Alongside Dan Harmon’s incredible talent for wit and meta-entertainment analysis, one of the coolest things about this creative comedy was that it bred a ton of talent. The bad thing? Tons of stars left over its topsy-turvy final seasons. The cast of characters attending Greendale Community College was led by Joel McHale as former lawyer Jeff Winger. Yvette Nicole Brown left as a main cast member after season 5, though she appeared in a recurring role for season 6; and megastar/producer/rapper Donald Glover departed during the fifth season as well. Chevy Chase left after season 4 in controversy but did appear as a guest star on season 5.
While it was Charlie Sheen who was replaced on Two and a Half Men, a decade earlier, it was he who stepped in to fill the shoes of Michael J. Fox after the actor left in season 4 to deal with his battle with Parkinson’s disease. Charlie would assume the lead role of Deputy Mayor of New York Charlie Crawford for the show’s final two seasons before it was canceled due to low ratings.
The replacement of Shelley Long’s character Diane Chambers by Kirstie Alley as Rebecca Howe proved that, with the right casting, an ensemble show can easily go on without one of its leads. Long played an upper-class graduate student and the on-again-off-again love interest of bartender Sam Malone (Ted Danson) for the first five seasons of the NBC show. When she left, they brought in Alley to play the bar manager, and Sam’s new foil for the remaining six seasons. Cheers continued to be one of the most popular series on TV, and its series finale was the second most watched in the U.S. behind only M*A*S*H. (It has since dropped to the third position behind the Roots miniseries.) Long did return to appear in the final episode.
This iconic ‘70s/’80s ABC comedy starred the late John Ritter as Jack, Joyce DeWitt as Janet, and Suzanne Somers as Chrissy. The three played roommates pretending that Ritter is gay to avoid issues with the landlord, played by Norman Fell — who was later replaced by Don Knotts. And that was just the beginning. After Somers, who played the dimwitted blonde beauty, left the series after the fifth season, she was replaced by the equally dimwitted character Cindy (Jenilee Harrison), playing Chrissy’s first cousin. After just two seasons, Harrison was, once again, replaced by Priscilla Barnes, who played another new roommate, Terri Alden, through to the series end in season 8.

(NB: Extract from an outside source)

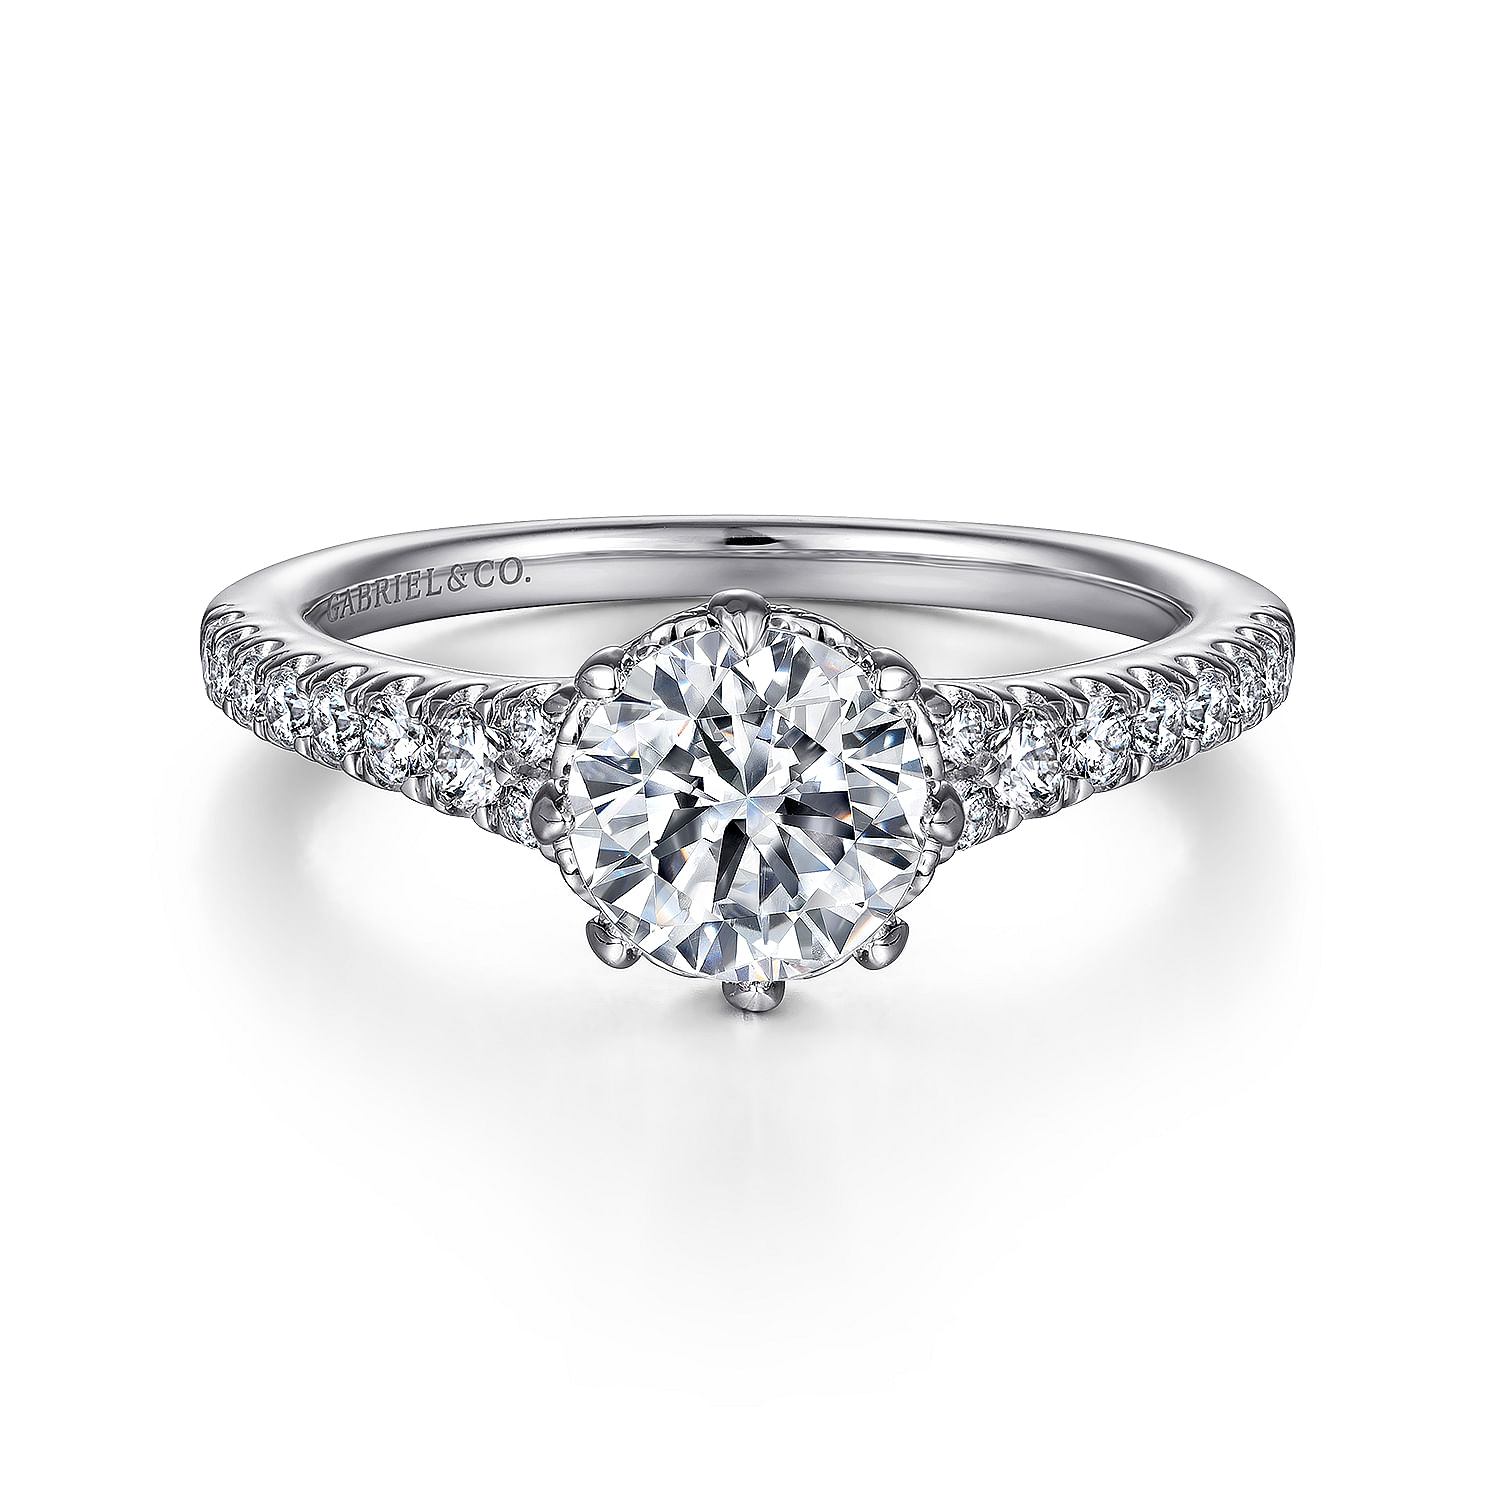 Sherilynn - 14K White Gold Round Diamond Engagement Ring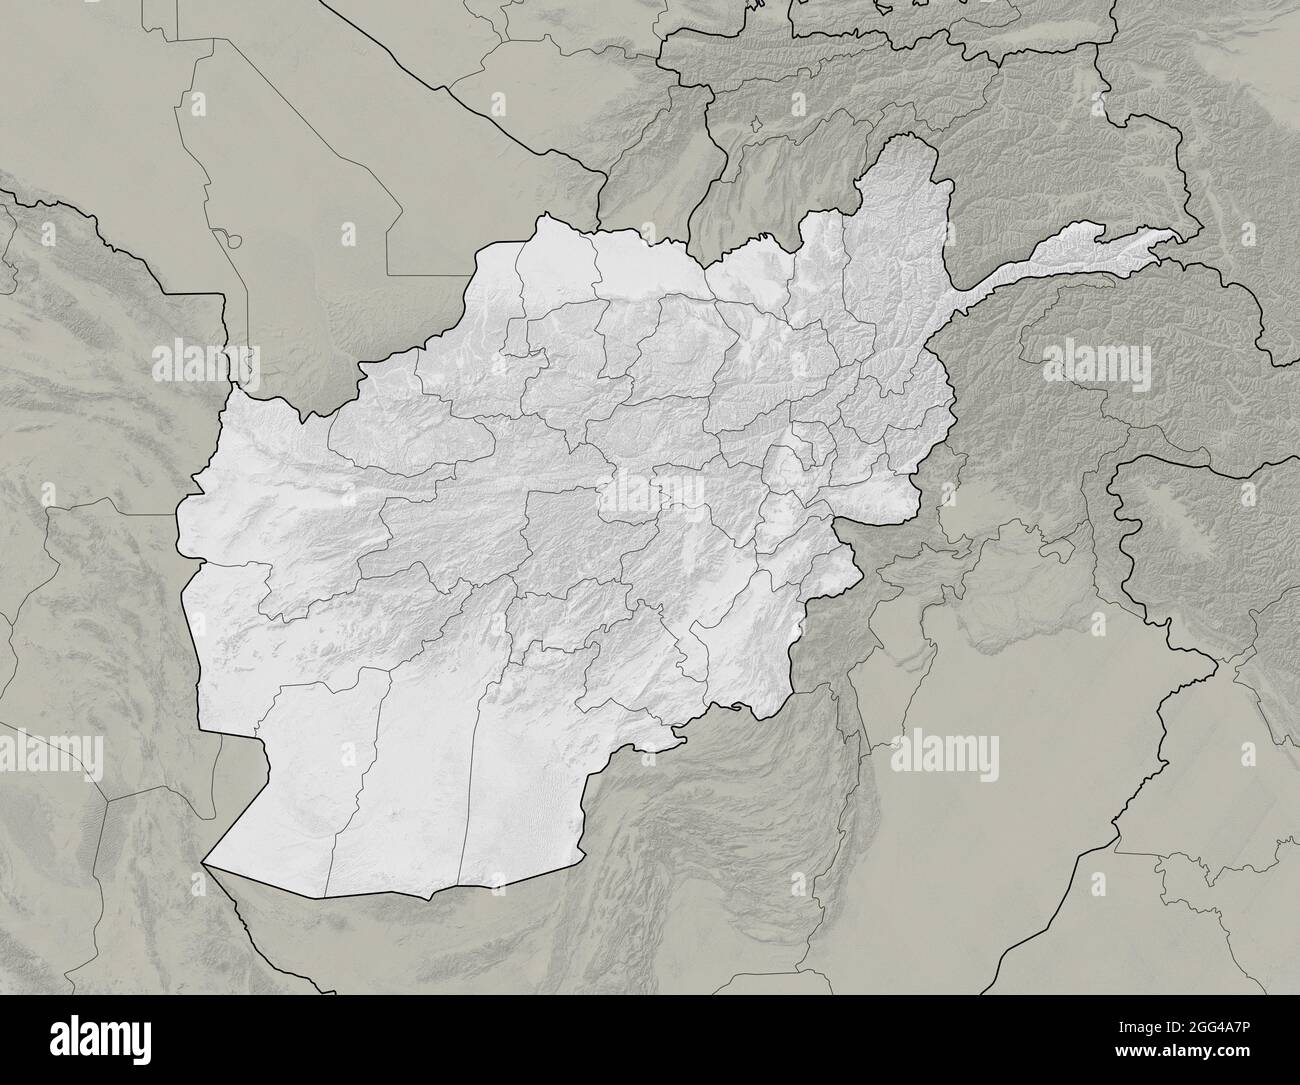 Mappa satellitare dell'Afghanistan, mappa fisica, rilievi e montagne. Bianco e nero. Confini nazionali e divisione in province. rendering 3d Foto Stock

CSI: Crime Scene Investigation
While serious fans may remember him as the first Will Graham on the big screen in Manhunter, William Petersen was a relative unknown when he was introduced as graveyard shift CSI supervisor Gil Grissom on CSI. He played the character so beautifully, though, it came as a shock to fans when he announced he’d be moving on from the role after the ninth season. Who could fill his shoes? First Laurence Fishburne appeared as Dr. Raymond “Ray” Langston for seasons 9-11, followed by Ted Danson as new supervisor D.B. Russell from seasons 12 until the final 15th season, alongside Elisabeth Shue as assistant supervisor Julie Finlay. Petersen did, however, come back as a guest star a few times.
A Different World
As a spin-off of The Cosby Show that was to follow Denise Huxtable’s (Lisa Bonet) college years, A Different World seemed doomed when Bonet left after the first season once she became pregnant. But the series continued, with Bonet’s character being replaced by a new student, Southern belle Whitley Gilbert (Jasmine Guy). It apparently worked, as the comedy, which also starred Kadeem Hardison as math nerd Dwayne Wayne and Sinbad as Coach Walter Oakes, continued its run for another five seasons.